Power of Prayer: Center for Spiritual and Pastoral Care
Future hospital chaplains are learning to extend healing of the mind, body, and spirit.
TYLER, Texas (KLTV) - Ministers from around the country are enrolling in a unique program based at an East Texas hospital.
The Center for Pastoral and Spiritual Care at CHRISTUS Trinity Mother Frances Hospital in Tyler trains chaplains how to extend spiritual healing to patients and their families.
Staff chaplains, students in the Clinical Pastoral Education (CPE) program, and a team of volunteers are on-duty around the clock. They’re present for every stage of humanity -- from birth to the end of life.
“We are called by Christ’s name and we are here to serve,” said Rev. Daniel Oghenerukevwe, a priest chaplain.
Father Daniel came to the United State from Nigeria as a missionary priest. Serving in the Diocese of Tyler since 2017, his ministry led him to receive formation in CPE in July 2019.
“For me, the role of the diagnostic Good Shepherd is to care for the spirit, the soul, and the body, which is what makes you the ‘who you are’ -- the wholeness of who you are.”

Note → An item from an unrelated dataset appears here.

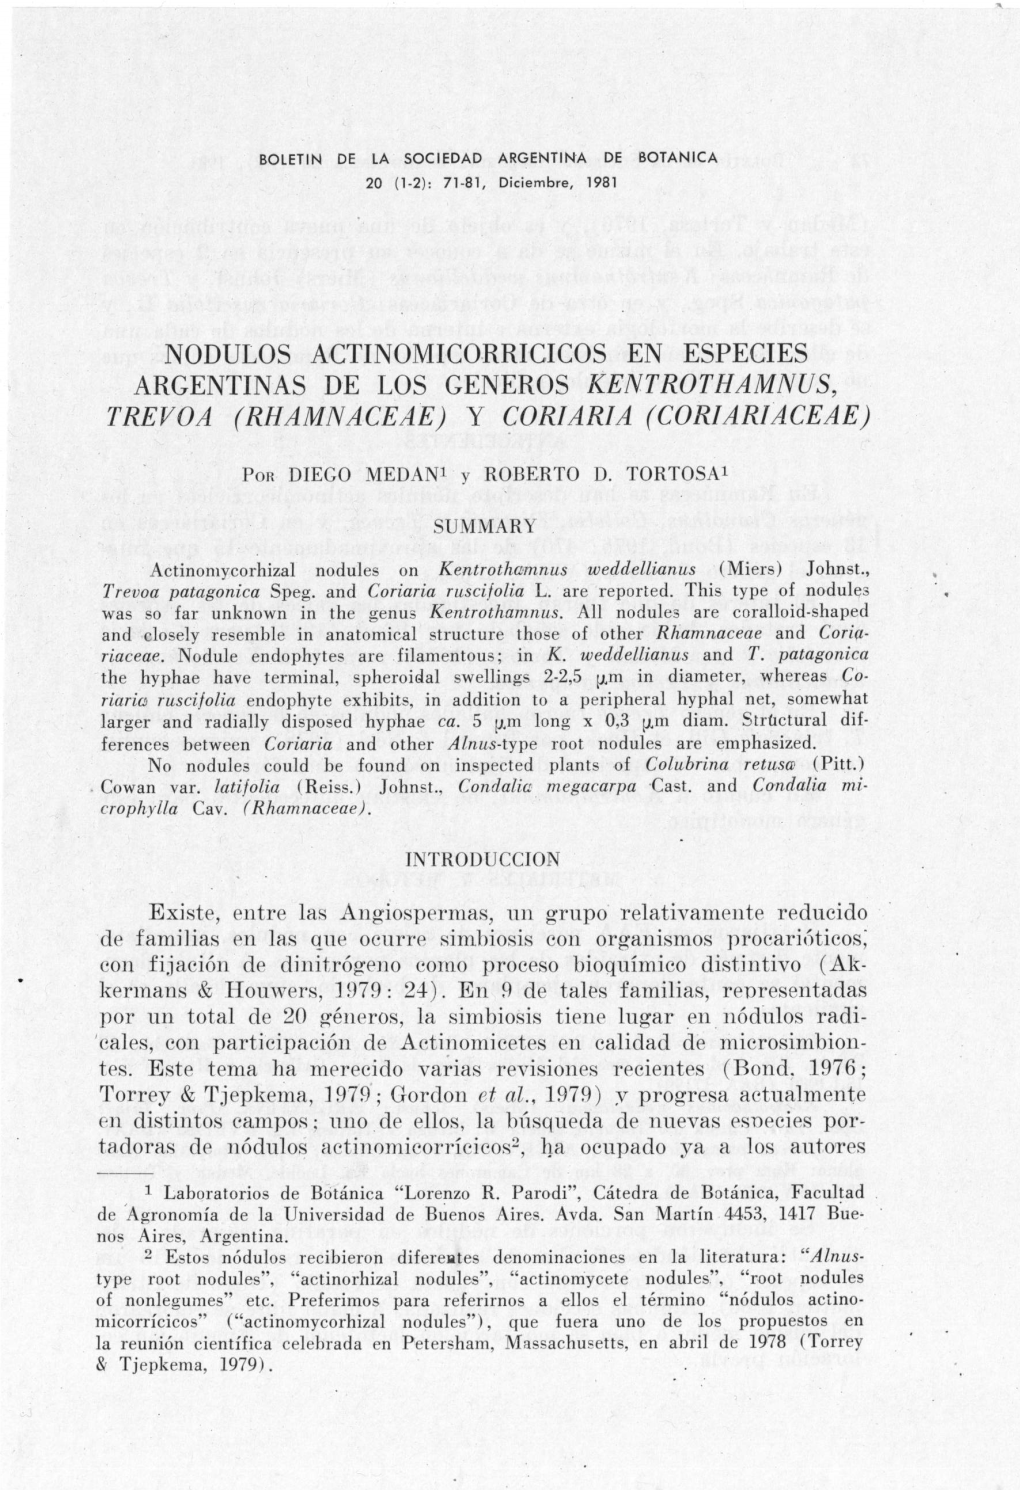 Nodulos Actinomicorricicos En Especies Argentinas De Los Generos Kentrothamnus, Trevoa (Rhamnaceae) Y Coriaria (Coriariaceae)

In late August, the Center for Pastoral and Spiritual Care opened just steps from the hospital’s main entrance. Its placement here is intentional, a statement about the role faith plays in healing care.

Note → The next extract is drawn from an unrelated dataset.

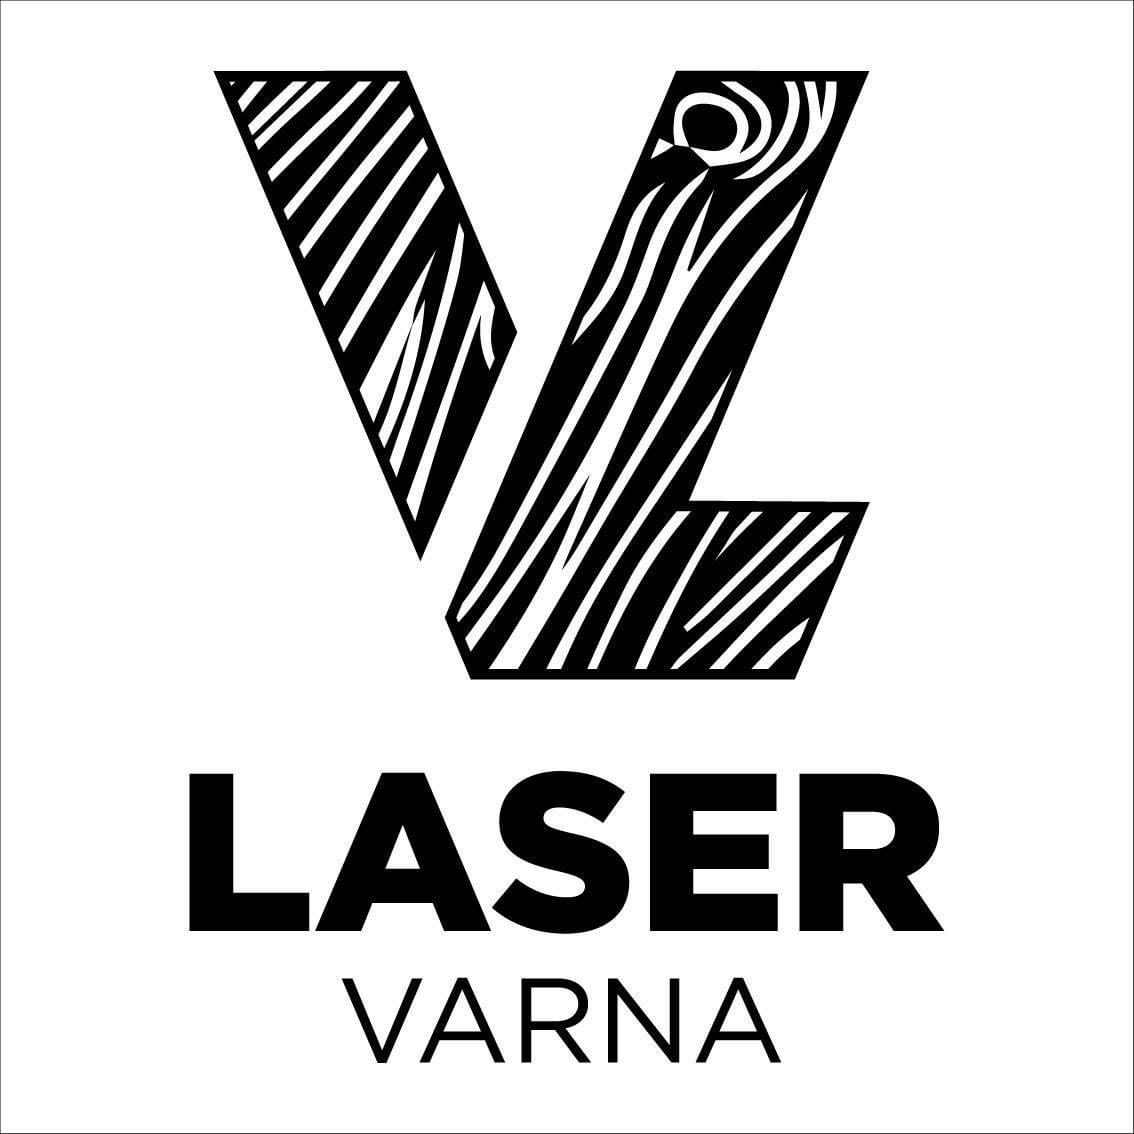 LaserVarna

“It tells everyone who comes in here that Pastoral Care is not just something that’s hidden in a corner,” said Rev. Stephen Murray, the Director of Pastoral Care at Mother Frances Hospital.
The Center also provides office space, overnight rest accommodations for on-call staff, and training classrooms for the chaplains participating in the CPE program.
“It’s in those interactions that it raises questions for them because they recognize ‘I need to get better at this,’ said Rev. Murray. “There’s areas that, likewise, as supervisors and educators, we can help them to see areas where they can improve and grow.”
Feedback, seminars, training on theory, peer exercises, and hands-on ministry prepare them for any situation they might encounter while performing their ministry.
The COVID-19 pandemic has presented its own set of challenges and opportunities for the Spiritual Care team.
After working at a hospital in Ft. Worth, G. Marie Brown arrived in Tyler at the height of the pandemic. She recalls handling between seven and 11 deaths in a 12-hour shift.
“Yes, that was very challenging. But it also is something I would not trade for anything because it really it caused me to reflect and go much deeper.”
This clinical experience helped Brown learn to identify the unique needs of people of all different faith backgrounds and traditions.
“To really assess what’s going on. And we sometimes ask questions about what are you feeling and what does this mean to you and other questions that help them understand their feelings and understand what’s going on inside their heart.”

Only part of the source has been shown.